Link : MYSARA Solution - CodeChef March Cook-Off 2020 - YouTube

#include<bits/stdc++.h>
#define maxn 100001
#define maxt 500005
using namespace std;

struct node
{
	long long x;
	long long n;
};

struct node tree[maxt];


long long max(long long a,long long b)
{
	if(a>b) return a;
	else return b;
}

long long min(long long a,long long b)
{
	if(a>b) return b;
	else return a;
}

node build(long long pre[],int v,int l,int r)
{
	if(l==r)
	{
		tree[v].x=pre[l];
		tree[v].n=pre[l];
		return tree[v];
	}
	else
	{
		node m1,m2;
		int mid = (l+r)/2;
		m1 = build(pre,2*v,l,mid);
		m2 = build(pre,2*v+1,mid+1,r);
		tree[v].x=max(m1.x,m2.x);
		tree[v].n=min(m1.n,m2.n);
		return tree[v];
	}
}



long long Qx(int v,int l,int r,int x,int y)
{
	if(l==x&&r==y)
	{
		return tree[v].x;
	}
	int mid = (l+r)/2;
	if(y<=mid)
	{
		return Qx(2*v,l,mid,x,y);
	}
	if(x>mid)
	{
		return Qx(2*v+1,mid+1,r,x,y);
	}
	return max(Qx(2*v,l,mid,x,mid),Qx(2*v+1,mid+1,r,mid+1,y));
}

long long Qn(int v,int l,int r,int x,int y)
{
	if(l==x&&r==y)
	{
		return tree[v].n;
	}
	int mid = (l+r)/2;
	if(y<=mid)
	{
		return Qn(2*v,l,mid,x,y);
	}
	if(x>mid)
	{
		return Qn(2*v+1,mid+1,r,x,y);
	}
	return min(Qn(2*v,l,mid,x,mid),Qn(2*v+1,mid+1,r,mid+1,y));
}

node ux(int v,int l,int r,int x,long long add,long long pre[])
{
	int mid=(l+r)/2;
	if(l==r&&l>=x)
	{
		pre[l]+=add;
		tree[v].x=pre[l];
		tree[v].n=pre[l];
		return tree[v];
	}
	if(x>=mid+1)
	{
		node m1=tree[2*v];
		node m2=ux(2*v+1,mid+1,r,x,add,pre);
		tree[v].x = max(m1.x,m2.x);
		tree[v].n = max(m1.n,m2.n);
		return tree[v];
	}
	node m1,m2;
	m1=ux(2*v,l,mid,x,add,pre);
	m2=ux(2*v+1,mid+1,r,x,add,pre);
	tree[v].x = max(m1.x,m2.x);
	tree[v].n = max(m1.n,m2.n);
	return tree[v];
}

int main()
{
	int t;
	cin>>t;
	while(t--)
	{
		int n,q;
		cin>>n;
		cin>>q;
		long long b[n+1]={0};
		long long pre[n+1]={0};
		for(int i=1;i<=n;++i)
		{
			cin>>b[i];
			pre[i]=b[i]+pre[i-1];
		}
		build(pre,1,1,n);
		while(q--)
		{
			char w;
			cin>>w;
			if(w=='Q')
			{
				int x,y;
				cin>>x>>y;
				long long a,b;
				a=Qx(1,1,n,y,n);
				b=Qn(1,1,n,1,x-1);
				if(b>0) b=0;
				cout<<a-b<<endl;
			}
			else
			{
				int x;
				long long y;
				cin>>x;
				cin>>y;
				long long add;
				add=y-b[x];
				ux(1,1,n,x,add,pre);
			}
		}
	}
	return 0;
}

I have used segmented tree then also it is showing time limit exceeded.
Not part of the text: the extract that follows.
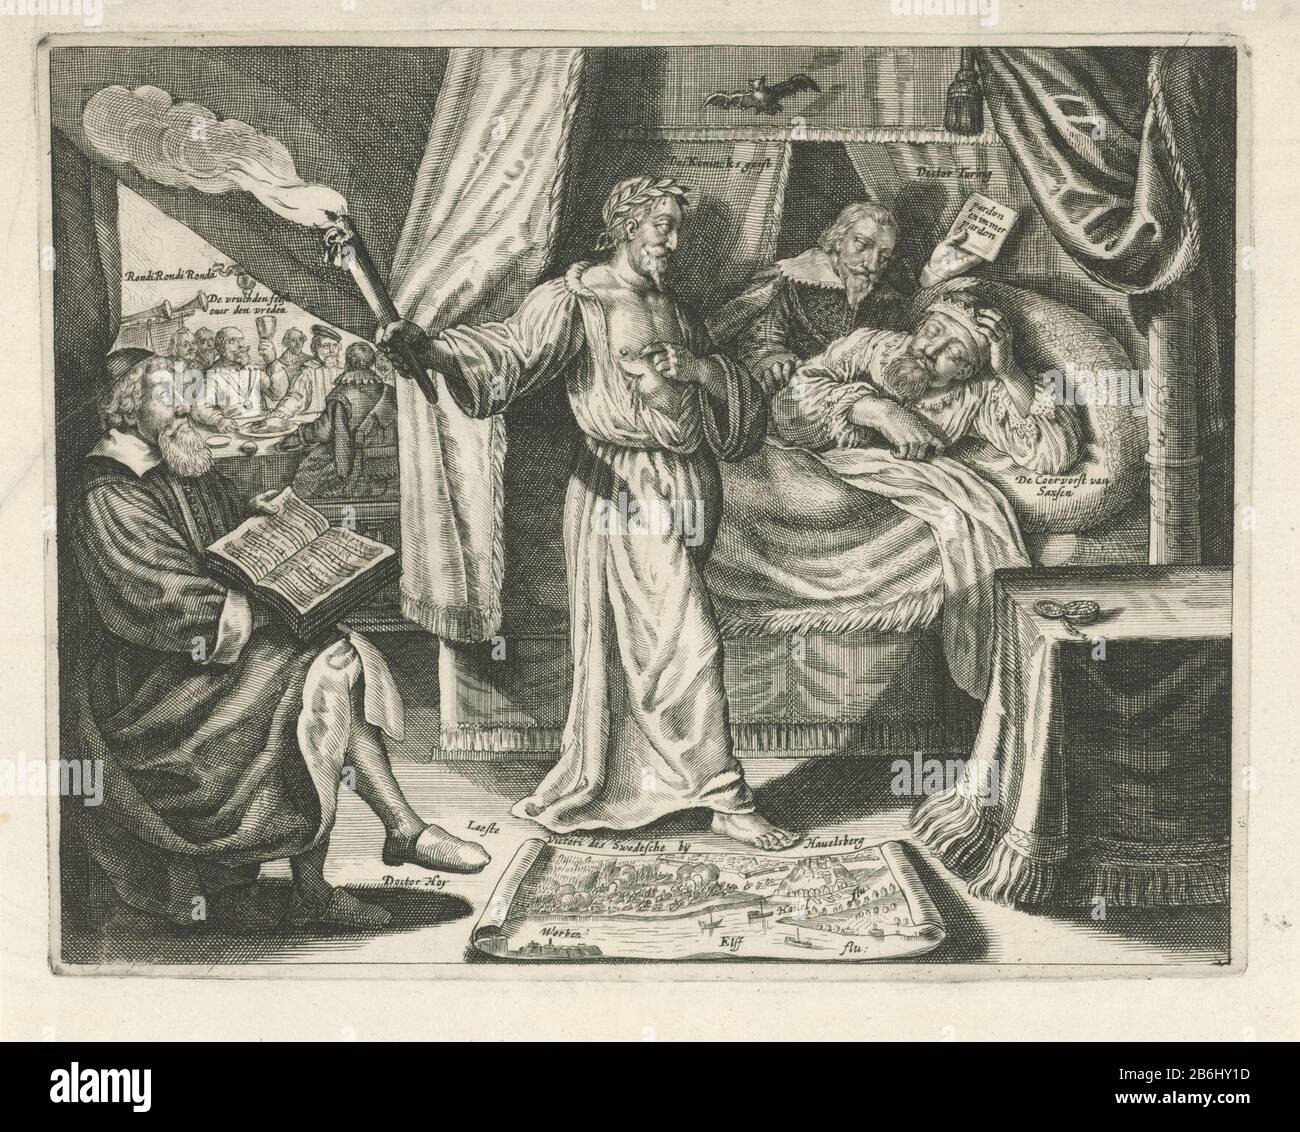 Der Geist von Gustavus Adolphus erscheint am Krankenbett des sächsischen  Kurfürst, 1635 Erscheint Der Geist von Gustavus Adolphus mit brennender  Fackel am Bettseitbett von Johannes Georg I., Kurfürst von Sachsen.  Anschuldigung des

Please help, how can I optimize it further?

@anon31329220 thanks bhai

Please tell me what is wrong in my code:

https://www.codechef.com/viewsolution/30761682

My Code is almost similar to setters code,thats why am asking

Please help guys
@tmwilliamlin @imanik @ezio_26 @everule1

Can , someone please explain the example input in the question ?
5 5
-1 2 -2 1 -3
How in the first query - Q 3 5 , the output is -2
and in the fifth query - Q 3 5 the output is -1 ?

That helped. Thanks!

I guess no, cause segment tree does updates and queries both in logN time while update in dp will take O(N) time.